By Altaz Valani, Director of Insights Research at Security Compass.
At a time of significant disruption for the financial services industry, a sector forecasted to be worth $300bn by 2022, organisations are facing important decisions when it comes to digital transformation.
Among ever growing customer expectations and the need to comply with changes in the regulatory landscape, fintech companies are under increasing pressure to ensure innovation is properly implemented.
Failure to do so comes with a significant cost; that of security breaches and exposure to new vulnerabilities. From AI and biometric authentication to Robotic Process Automation, the growing adoption of technology among the financial services industry is intensifying the volume of customer data at risk.
Internal and external threats
To mange this risk carries both internal and external challenges for fintechs. Internally, the main challenges are centred around cyber skills, knowledge and expertise; externally, coordination with regulation is demanding.

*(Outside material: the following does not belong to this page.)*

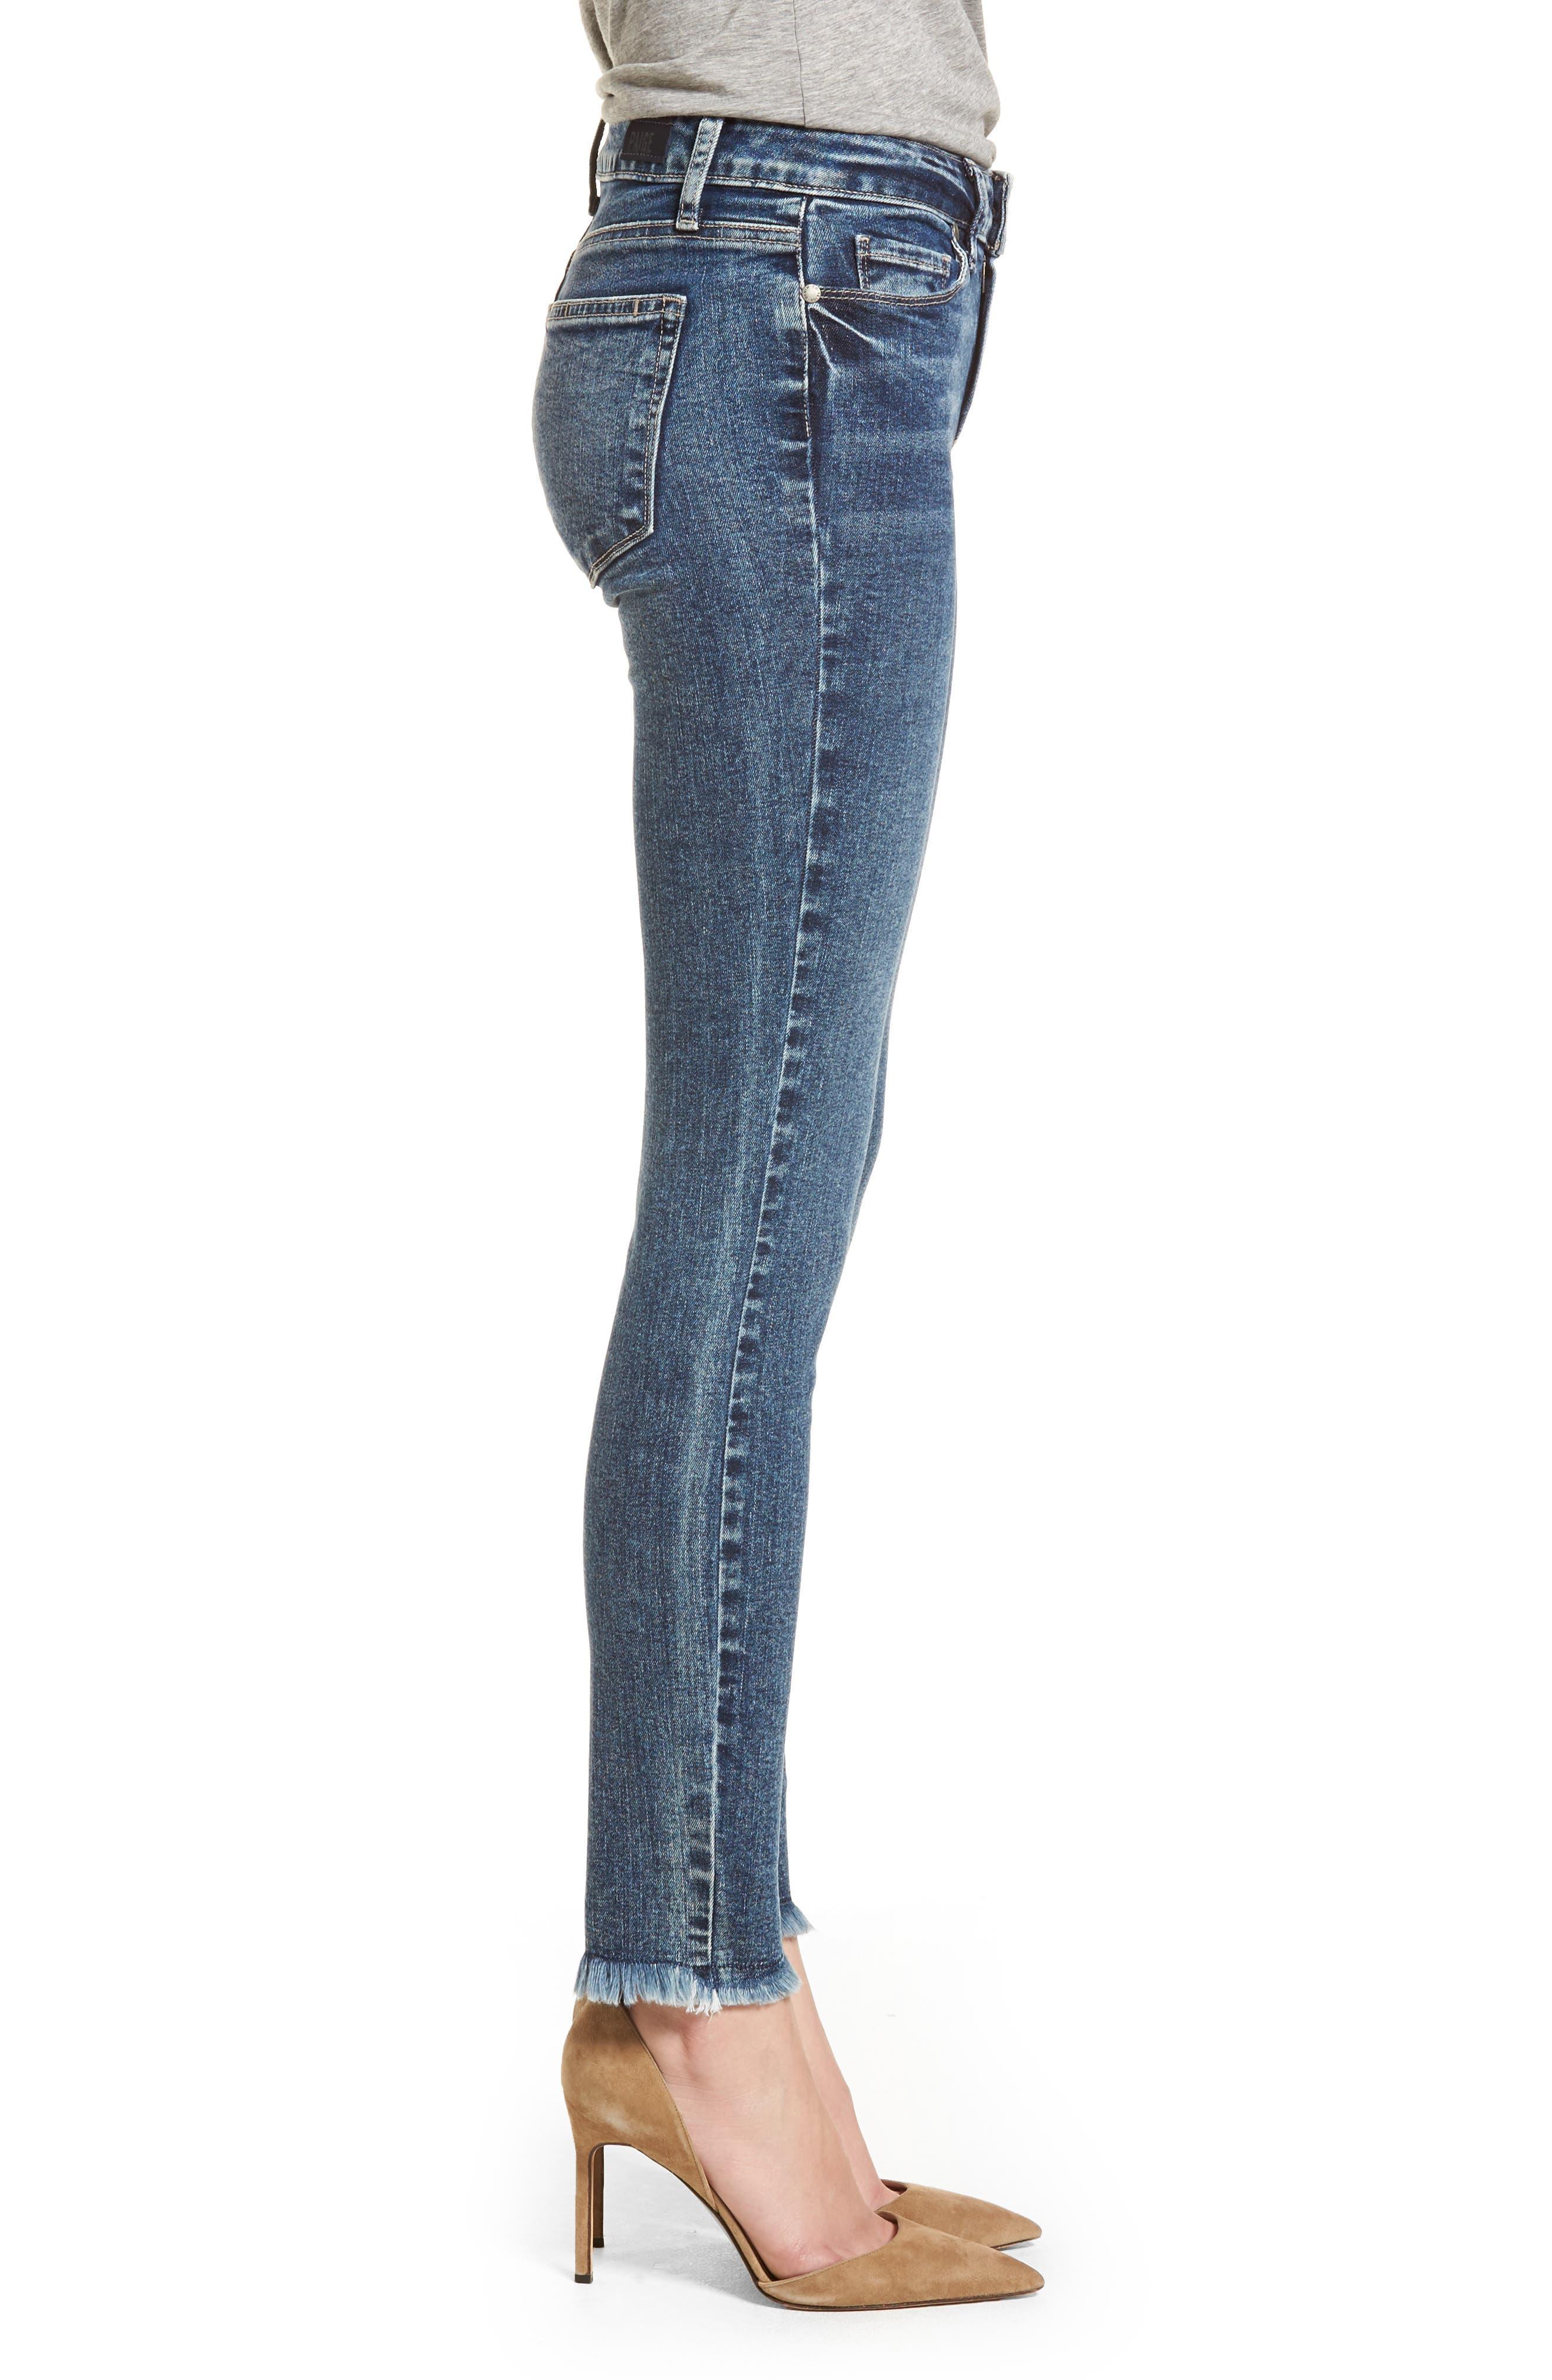 Transcend Vintage - Verdugo Ultra Skinny Jeans,                             Alternate thumbnail 3, color,                             Iness

Balancing an ever-increasing appetite for innovation and growth with robust security and risk management processes is absolutely crucial. Cyber threats continue to grow and diversify, and every new digital product and service carries an ever-evolving array of security risks.
Solving the cloud puzzle
Historically, due to the perceived value of the information held, the financial services industry is one of the primary targets for data breaches. This is why many financial services organisations have turned to the cloud as a solution for their IT infrastructure.

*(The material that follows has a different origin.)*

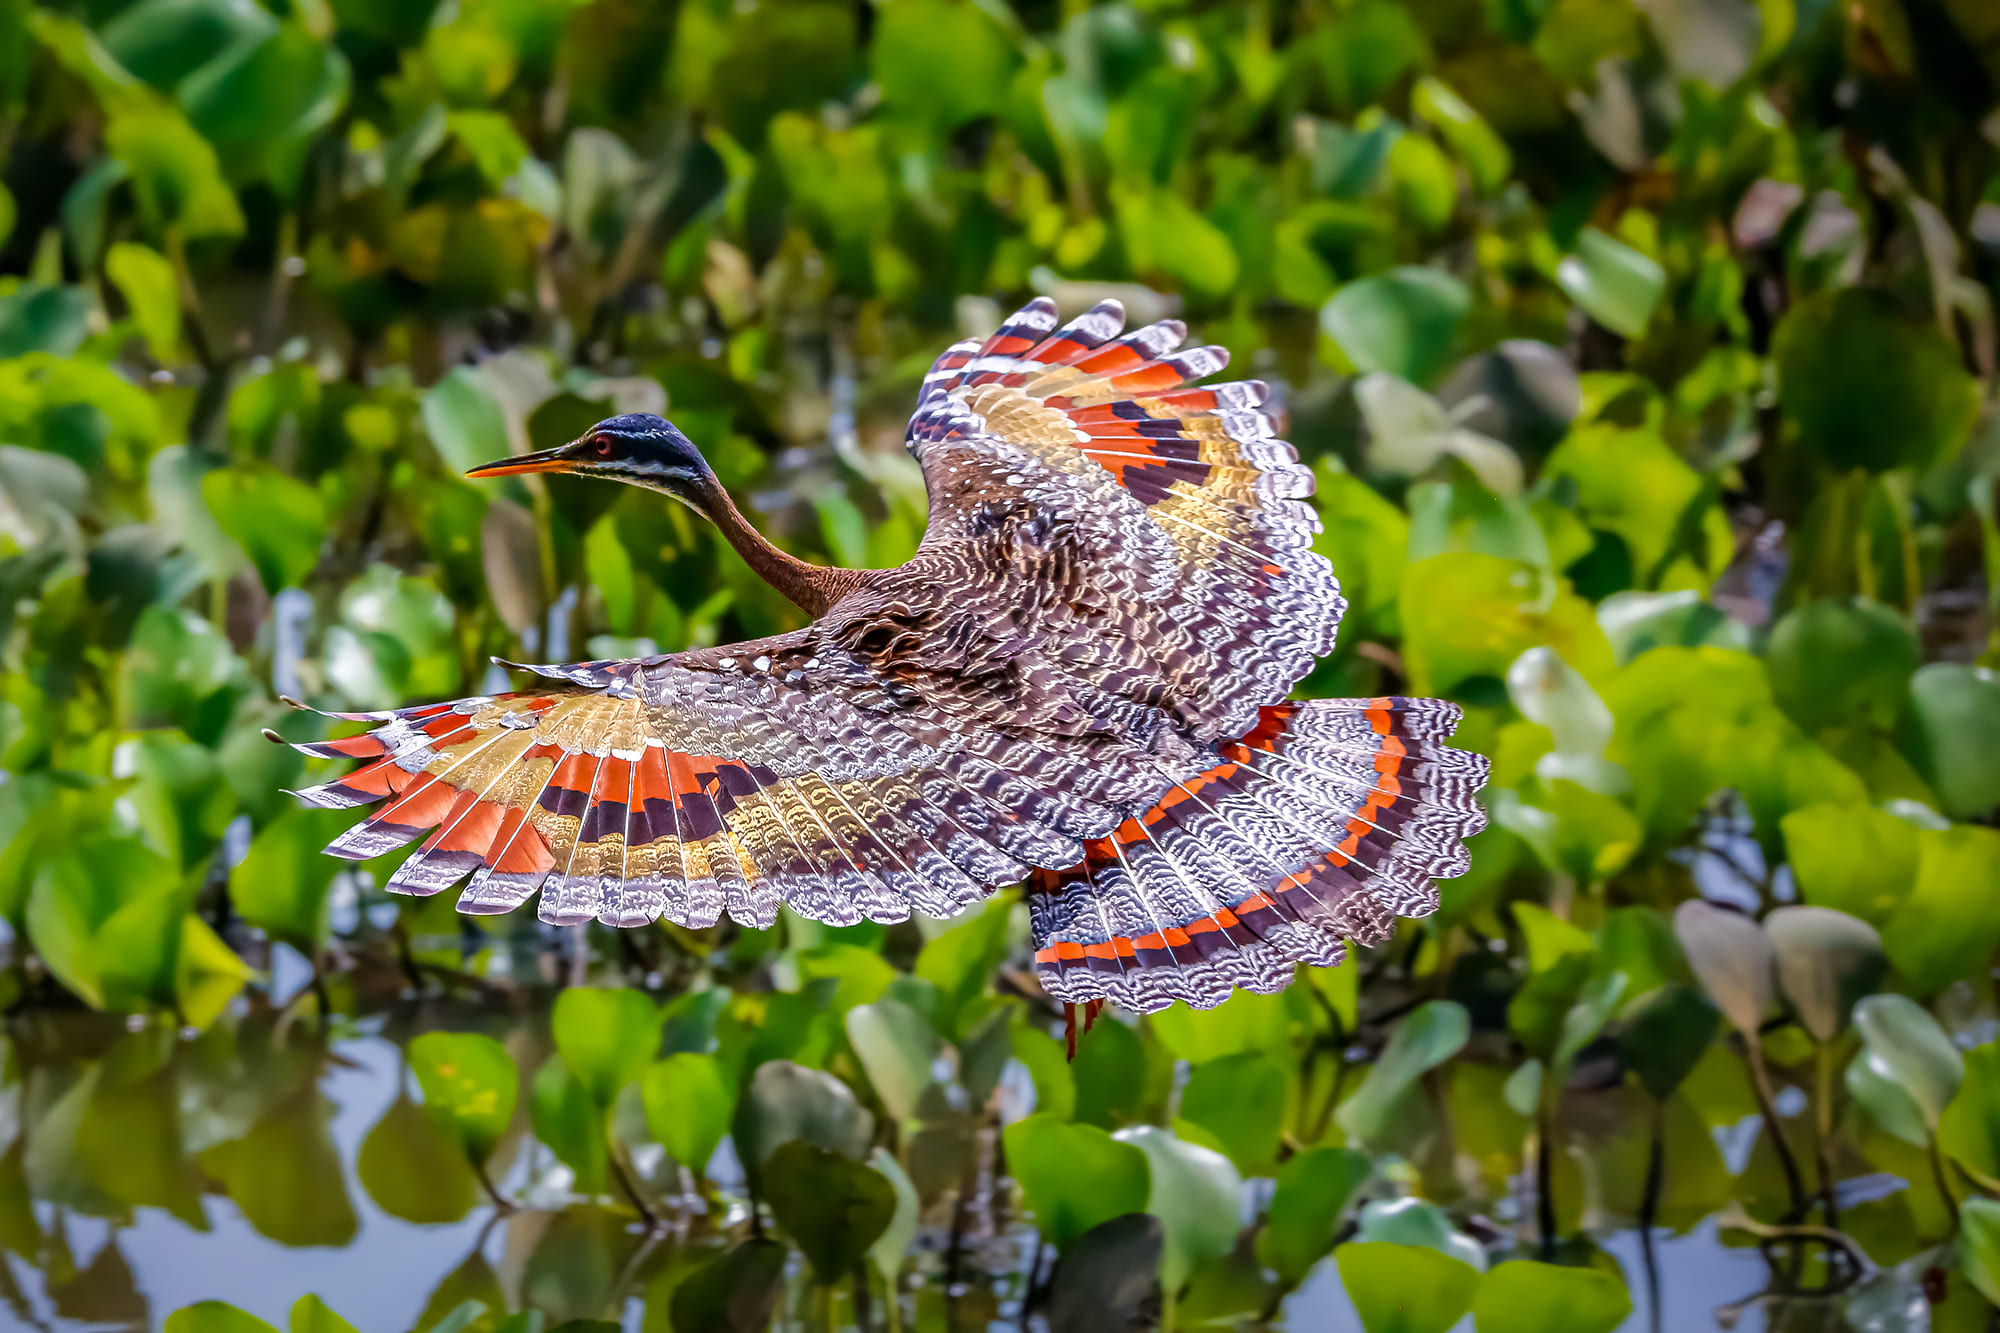 A Sunbittern bird in Brazil.

However, migrating to the cloud increases the attack surface of applications. That is why the importance of meeting security and compliance requirements cannot be overlooked in the rush for deploying new apps directly in the cloud or developing analytics-as-a-service or automation-as-a-service capabilities.
Strategically aligning digital delivery and security is one of the most complex challenges facing financial service businesses, and so many are turning their attention to Balanced Development Automation (BDA).

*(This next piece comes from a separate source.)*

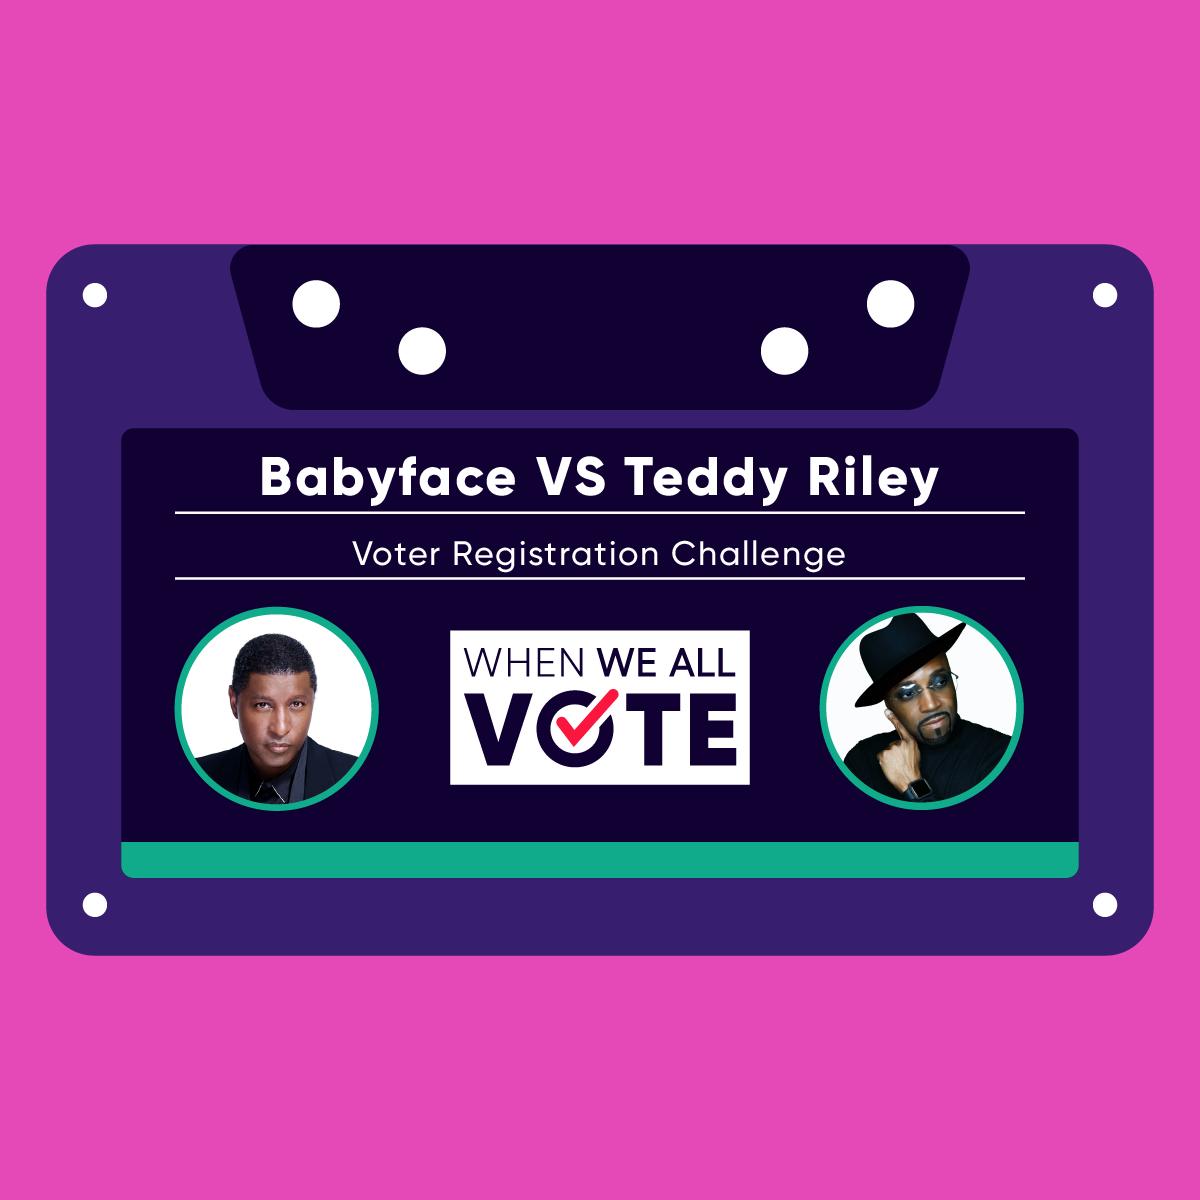 Teddy Riley vs Babyface When We All Vote

BDA: Aligning DevOps with security
To ensure success and competitive edge in the long run, fintechs need to create synergies between their DevOps, security, and business teams. This is where BDA comes in because it aligns DevOps with security, ensuring the latter is “baked” into the software development process. It acts as a guide through every step of software development, ensuring that security checks are built into the process from the beginning, and ultimately enabling DevOps teams to deliver secure products.
Consider it a three-step process:
1) Security should equip the development team with awareness of what is required from a security controls perspective. The same goes for risk and compliance. Developers need to know from the outset what these parameters are and factor them into their work from the get-go.
2) The next stage is examination of security metrics based on existing controls and emerging risks. The result of this might be the creation of new controls, but they have to be developed with an understanding of impact based on cost and business exposure. Ultimately, it is a business decision to determine the right risk threshold.
3) The third and final stage of the BDA process lies with governance at an audit and board level. Metrics collected from the first two stages are rolled into this and KPIs measured at this level are based on core business concerns around compliance, resilience, reputation, cost, and so on.
Balancing innovation with security
Ultimately, the success or failure of the fintechs of today can hinge on how they balance the adoption of new technologies with maintaining the privacy of their customers and the security of their customers’ data. This is a delicate balance, and one which requires action from the very start to identify and address risks.
Building security into applications from the very beginning of the software development lifecycle enables financial services companies to align security, compliance and risk priorities with business needs. This is ultimately a recipe for success.